» **DESCRIPTION OF THE TASK**
The full listing, word for word and free of images, is the expected result.

» **THE DATA**
---------------

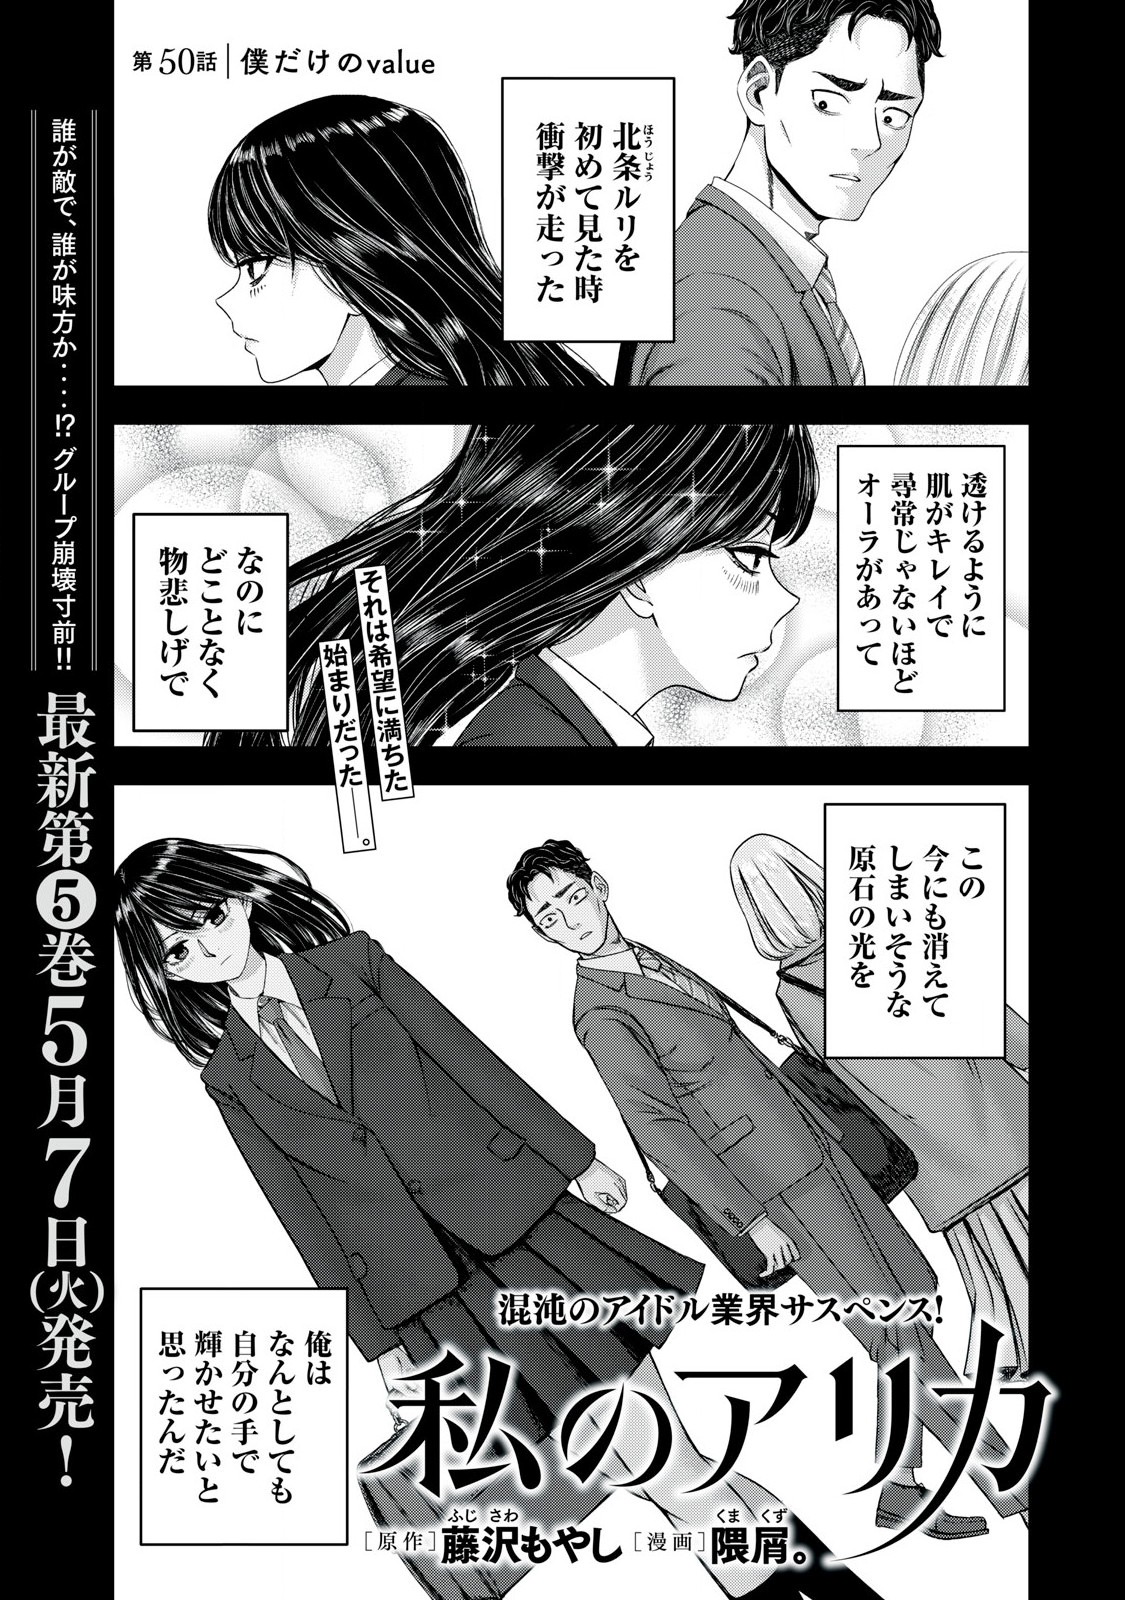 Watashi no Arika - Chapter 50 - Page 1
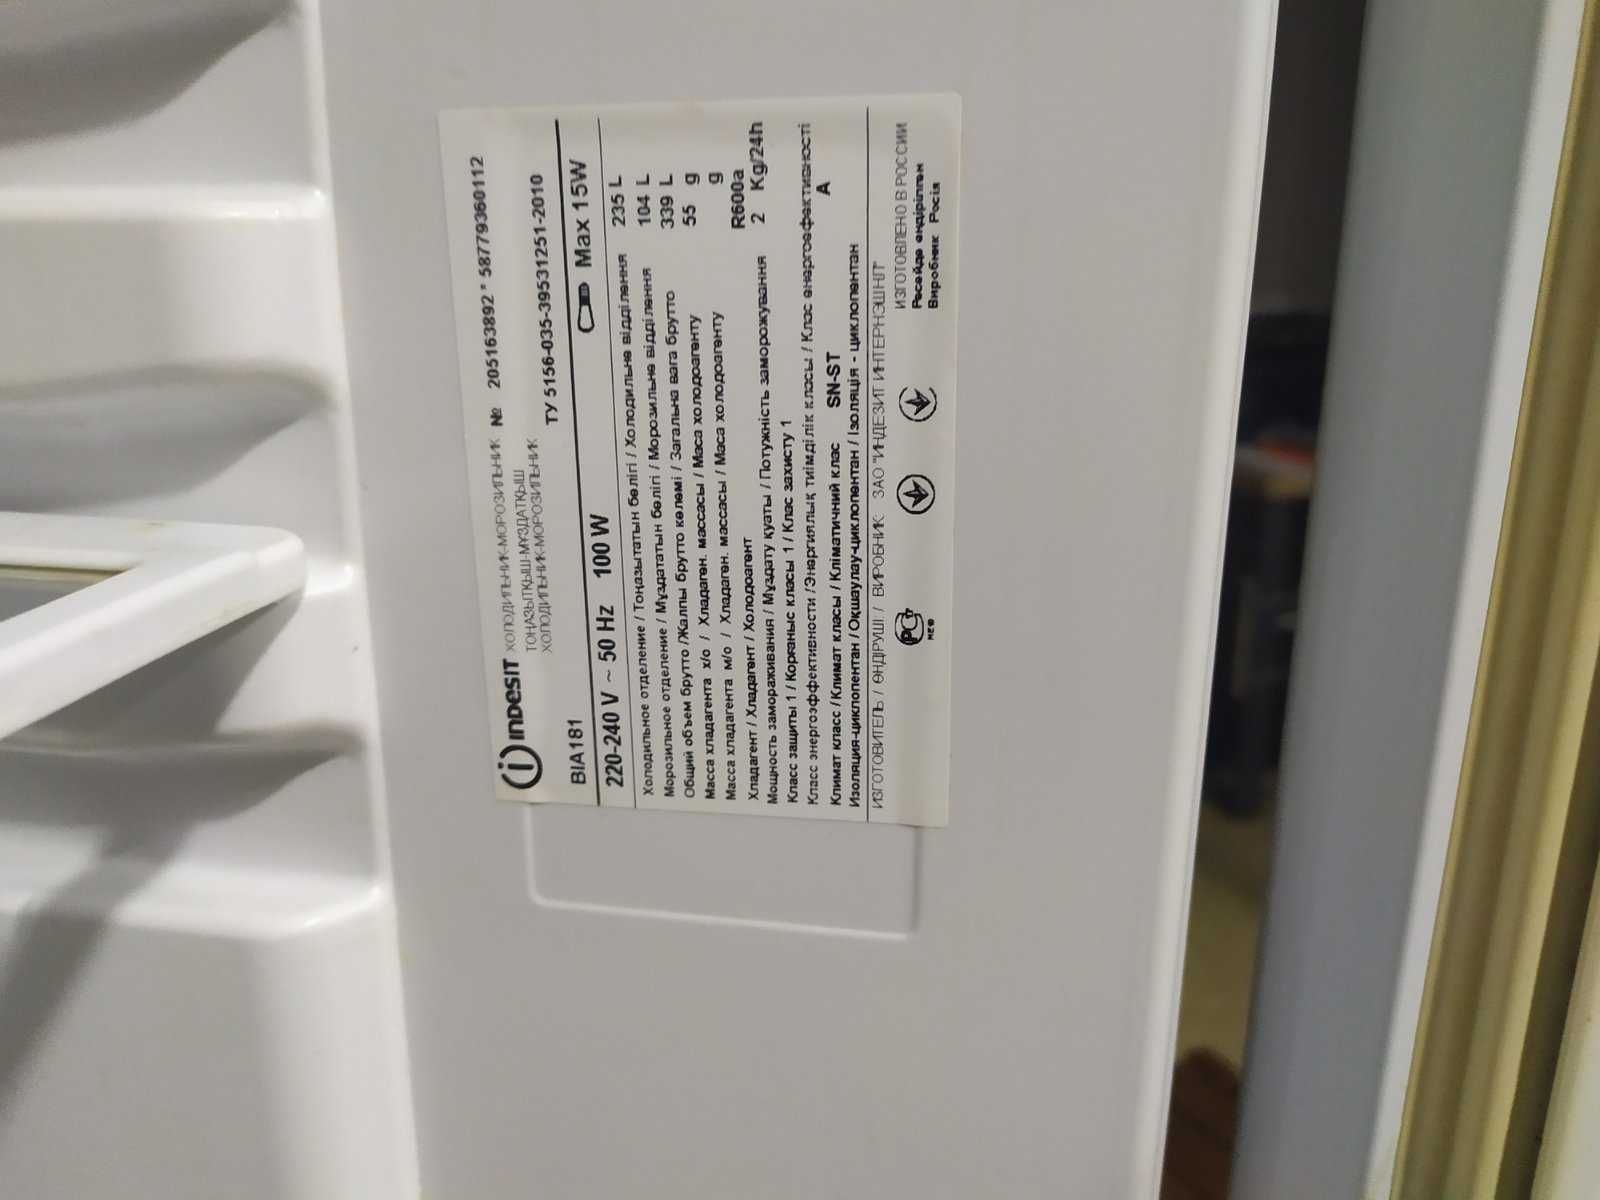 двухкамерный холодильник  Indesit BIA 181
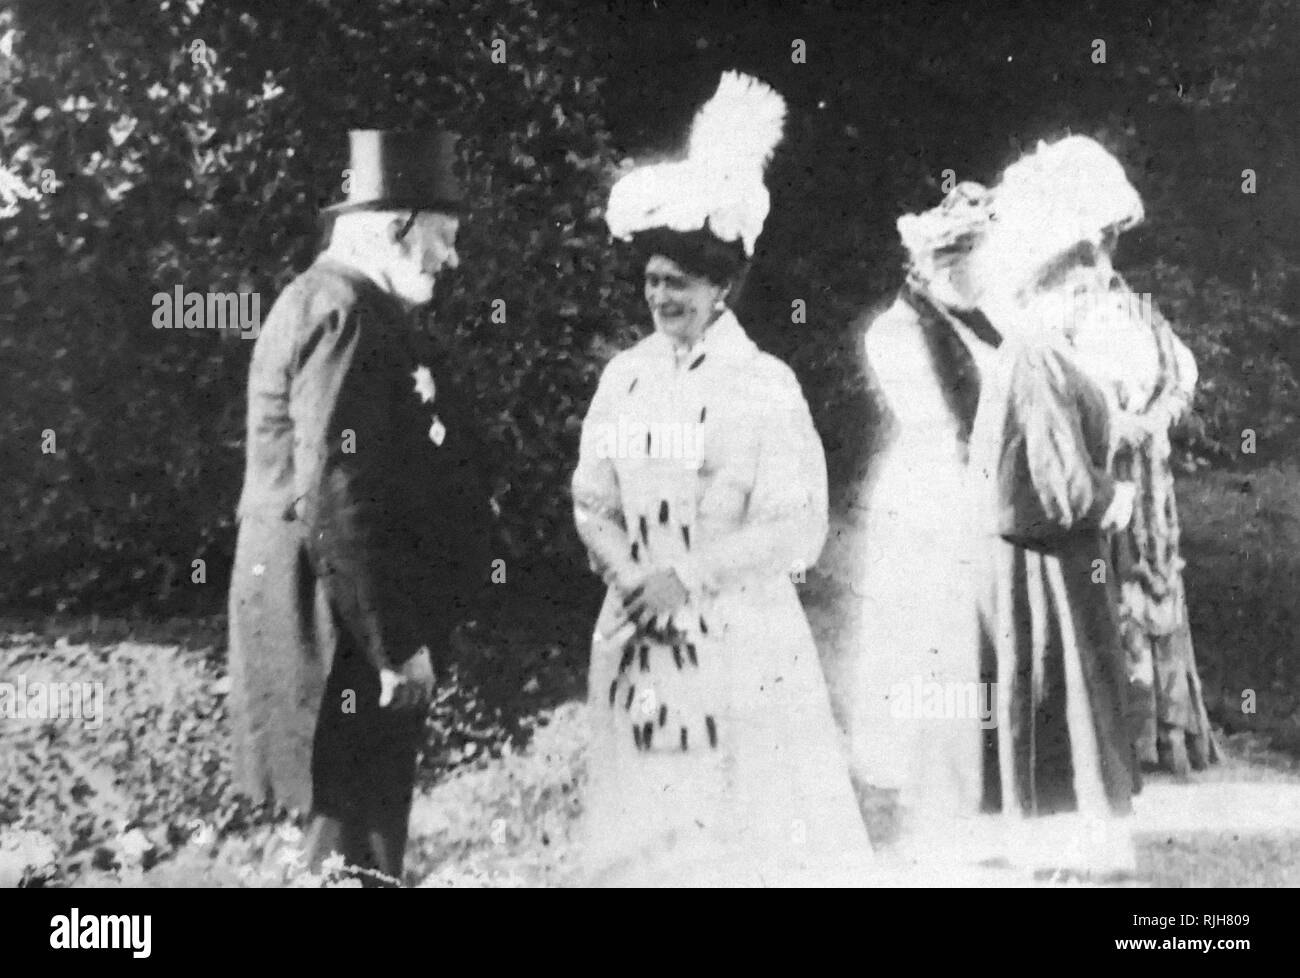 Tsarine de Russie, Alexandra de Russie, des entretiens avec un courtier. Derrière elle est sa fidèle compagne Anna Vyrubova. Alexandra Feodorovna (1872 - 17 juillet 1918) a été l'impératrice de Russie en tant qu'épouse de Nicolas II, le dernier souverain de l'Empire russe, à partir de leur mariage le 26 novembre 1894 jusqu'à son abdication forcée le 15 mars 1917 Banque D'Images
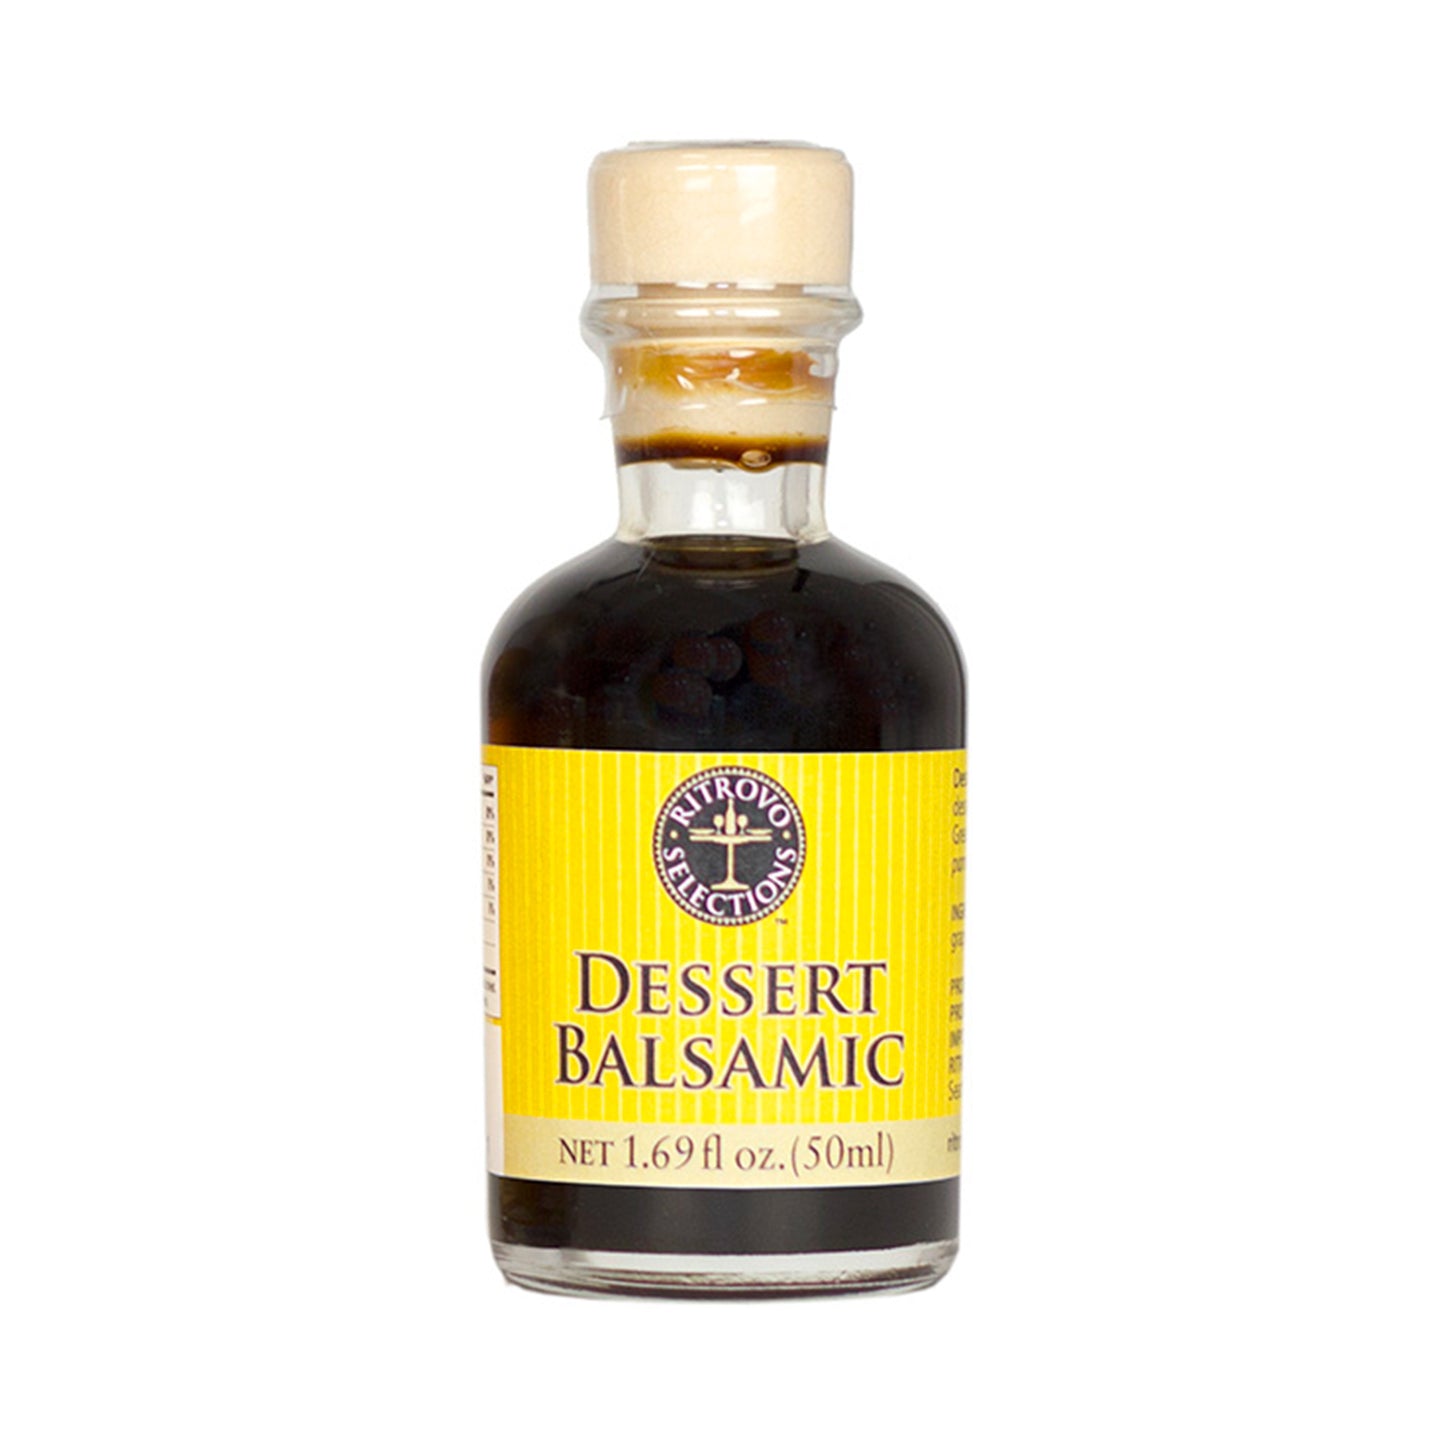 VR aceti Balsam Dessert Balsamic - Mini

---------------

» **RESULT OF THIS EXERCISE**
 Watashi no Arika - Chapter 50 - Page 1
 двухкамерный холодильник  Indesit BIA 181
 Tsarine de Russie, Alexandra de Russie, des entretiens avec un courtier. Derrière elle est sa fidèle compagne Anna Vyrubova. Alexandra Feodorovna (1872 - 17 juillet 1918) a été l'impératrice de Russie en tant qu'épouse de Nicolas II, le dernier souverain de l'Empire russe, à partir de leur mariage le 26 novembre 1894 jusqu'à son abdication forcée le 15 mars 1917 Banque D'Images
 VR aceti Balsam Dessert Balsamic - Mini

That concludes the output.